Upscaling as ecological information transfer: A simple framework with application to arctic ecosystem carbon exchange

Abstract

Transferring ecological information across scale often involves spatial aggregation, which alters information content and may bias estimates if the scaling process is nonlinear. Here, a potential solution, the preservation of the information content of fine-scale measurements, is highlighted using modeled net ecosystem exchange (NEE) of an Arctic tundra landscape as an example. The variance of aggregated normalized difference vegetation index (NDVI), measured from an airborne platform, decreased linearly with log(scale), resulting in a linear relationship between log(scale) and the scale-wise modeled NEE estimate. Preserving three units of information, the mean, variance and skewness of fine-scale NDVI observations, resulted in upscaled NEE estimates that deviated less than 4% from the fine-scale estimate. Preserving only the mean and variance resulted in nearly 23% NEE bias, and preserving only the mean resulted in larger error and a change in sign from CO2 sink to source. Compressing NDVI maps by 70–75% using wavelet thresholding with the Haar and Coiflet basis functions resulted in 13% NEE bias across the study domain.
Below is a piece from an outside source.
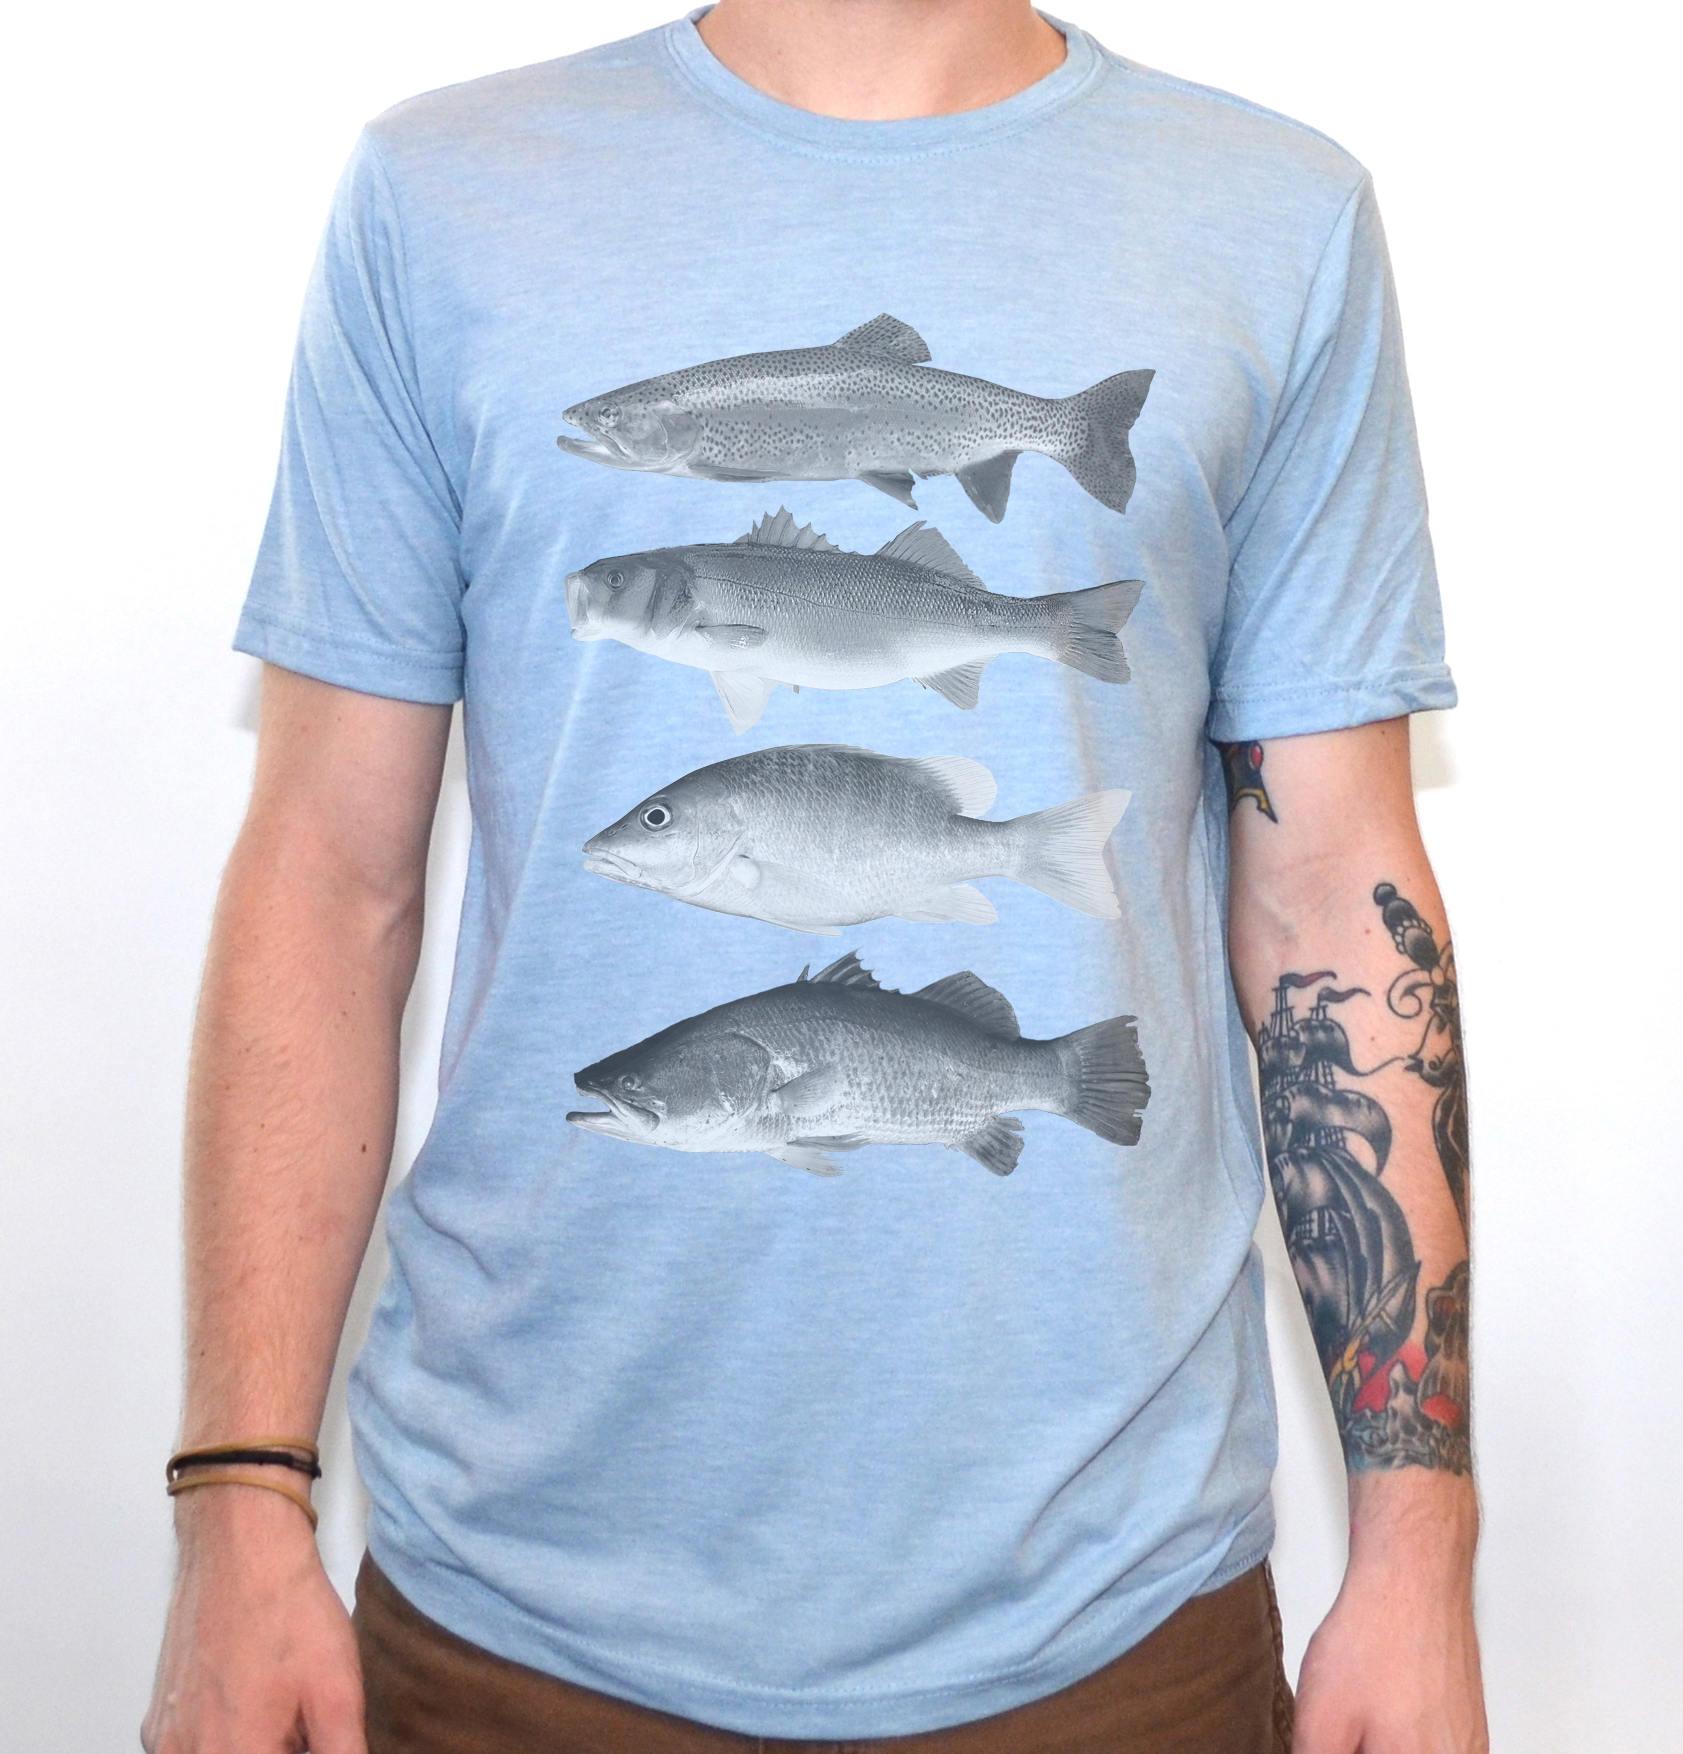 Angeln-Shirt Fisch-t-Shirt Herren-Grafik-T-Shirts | Etsy

Applying unique scale-dependent transfer functions between NDVI and leaf area index (LAI) decreased, but did not remove, bias in modeled flux in a smaller expanse using handheld NDVI observations. Quantifying the parameters of statistical distributions to preserve ecological information reduces bias when upscaling and makes possible spatial data assimilation to further reduce errors in estimates of ecological processes across scale.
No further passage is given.